Se o caríssimo leitor aceitar o desafio transite civilizadamente pela Ilhéus-Itabuna e descobrirá que dos acidentes e mortes a ela atribuídos tem ela a menor parcela de culpa.

Se não estiver sendo injustamente culpada.

Davidson em campanha

Homenagem a jornalistas, exposição em Ilhéus sobre a história do trio elétrico e a estética carnavalesca por ele implantada, com direito a agradecimento dos beneficiados pelo apoio da Bahiagás ao seu Presidente e patrocinador – ao vivo, em entrevista ao Bahia Meio-Dia local –, palestra no Seminário de Propaganda e Marketing, comemorações na AABB pelos 89 anos do Partido Comunista.

É a campanha de Davidson Magalhães em marcha. Enchendo a bola!

Fernando quieto

Não sabemos se Fernando Gomes retornou da Europa. Se voltou, prepara a muda. Ou a réplica. Tudo por causa do ti-ti-ti da semana: aproximação entre Geraldo Simões e Gedel Vieira Lima.

Na certa uma entrevista a ser aguardada.

Engarrafamento

Não deixa de ser singular a situação enfrentada pelo Capitão Azevedo em sua busca por novo partido político. Justamente por haver pensado no PSD, que certamente integrará a base do governo estadual e por tal circunstância se faz “menina” nada fácil de ser namorada.
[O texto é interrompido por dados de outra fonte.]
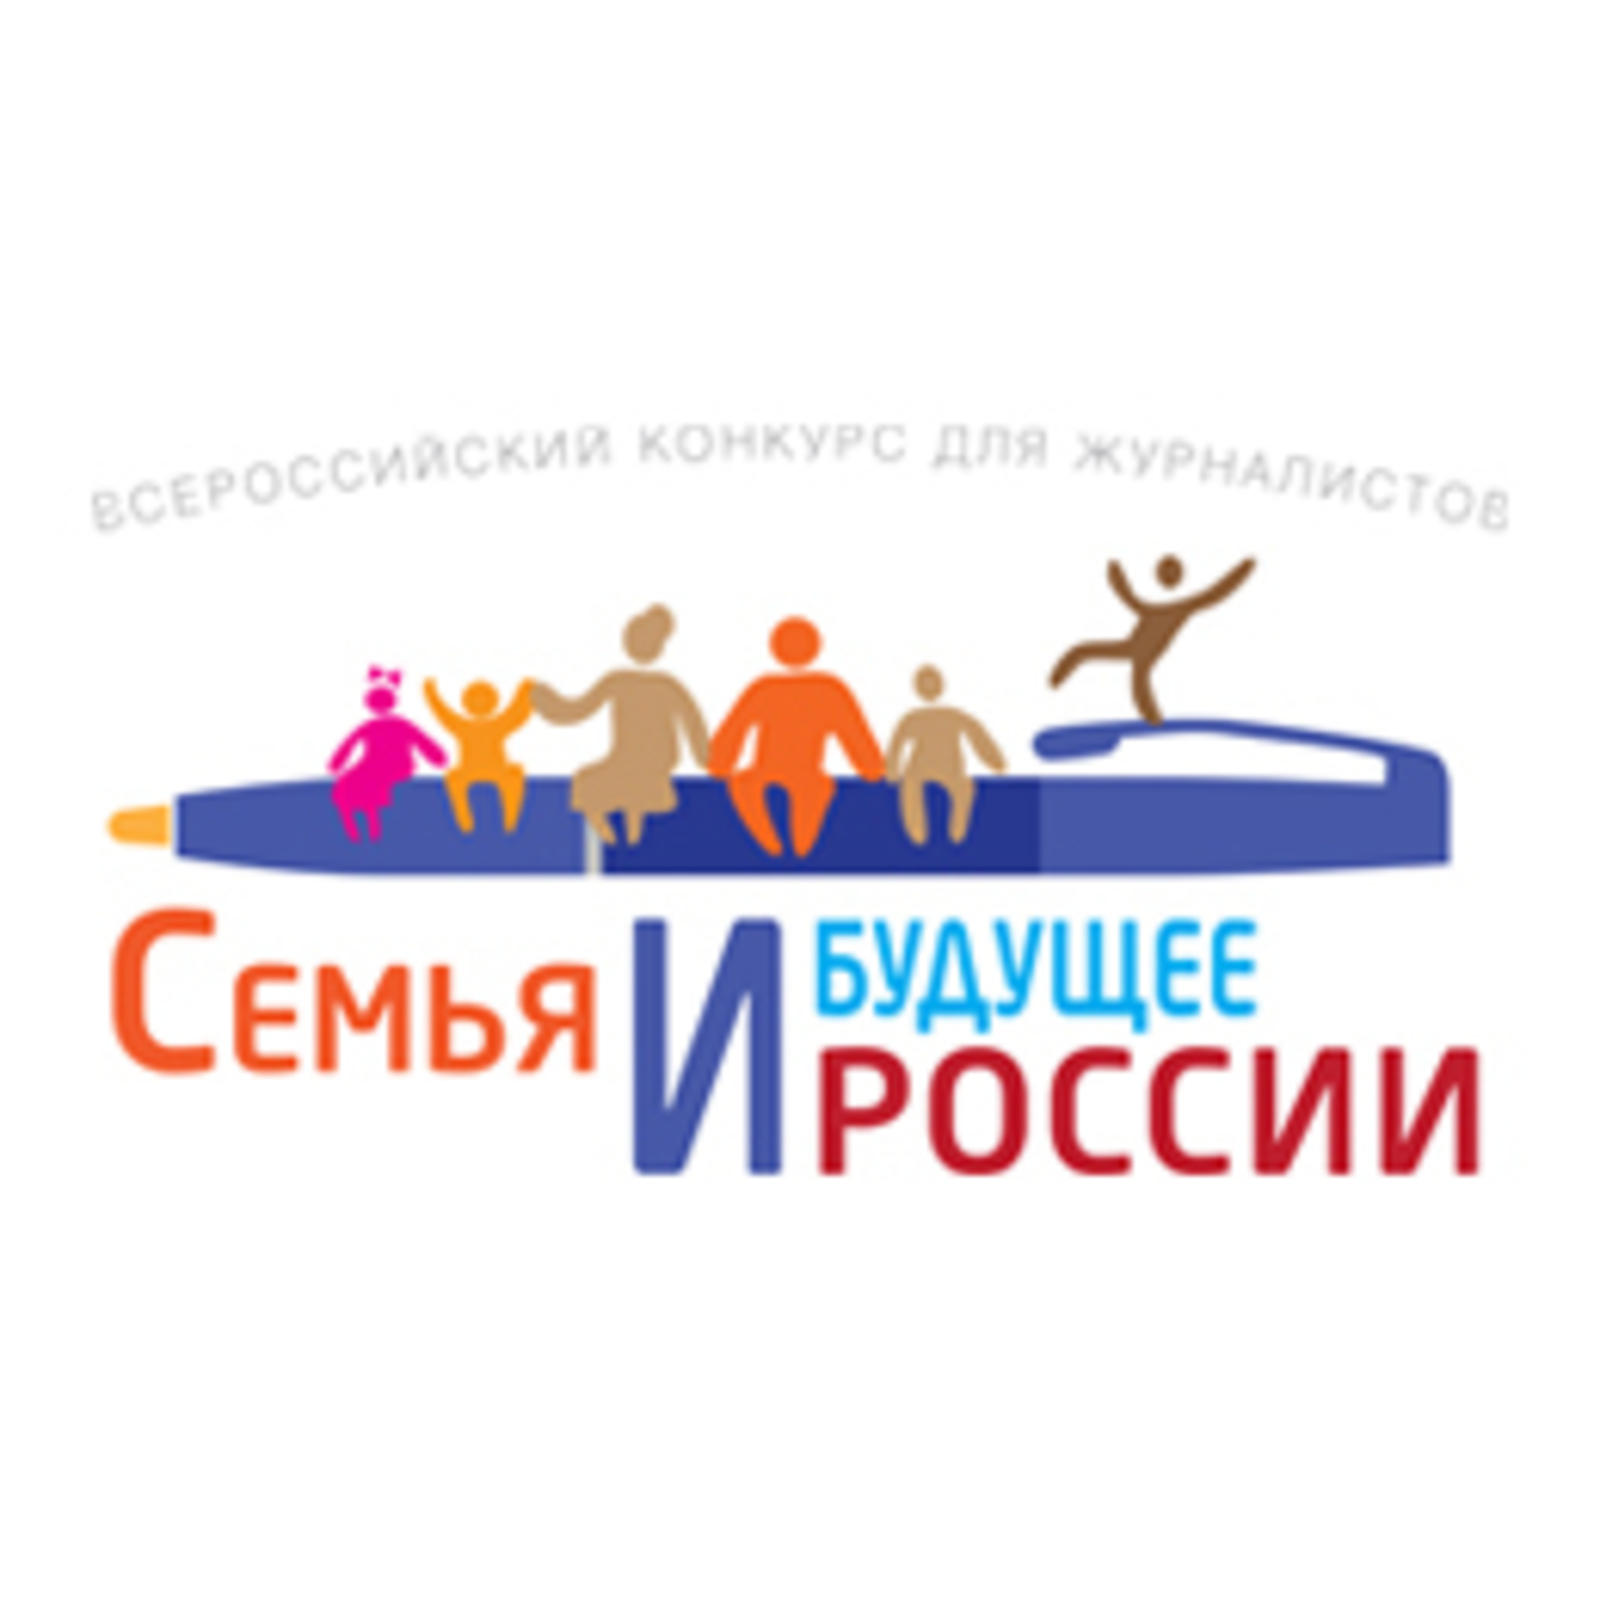 1 июня стартует конкурс для журналистов "Семья и будущее России"

A ponto de – diante do engarrafamento na procura – desdenhar de quem a procure. Ainda que com sobejos argumentos para a recusa.

Em outros tempos o partido saía à cata de filiações; o PSD recusa!

Geraldo

A propósito de nosso artigo “A Semana de Geraldo” neste O TROMBONE, dia 2, não se tornará difícil, caso Geraldo Simões encontre no PMDB um aliado, de compor futuramente com o PCdoB. O caminho estaria aberto sob o prisma de um argumento: a derrubada da reeleição.

No entanto, como também já escrevemos, precisa dissipar as desconfianças. Extinta a reeleição e mantido o seu projeto político pessoal (Deputado Federal e de alçar outros vôos), as desconfianças se dissiparão.

Pelas circunstâncias.

Região metropolitana

santanaEsse candente assunto – que será objeto de análises futuras – foi ventilado pelo Deputado Coronel Santana.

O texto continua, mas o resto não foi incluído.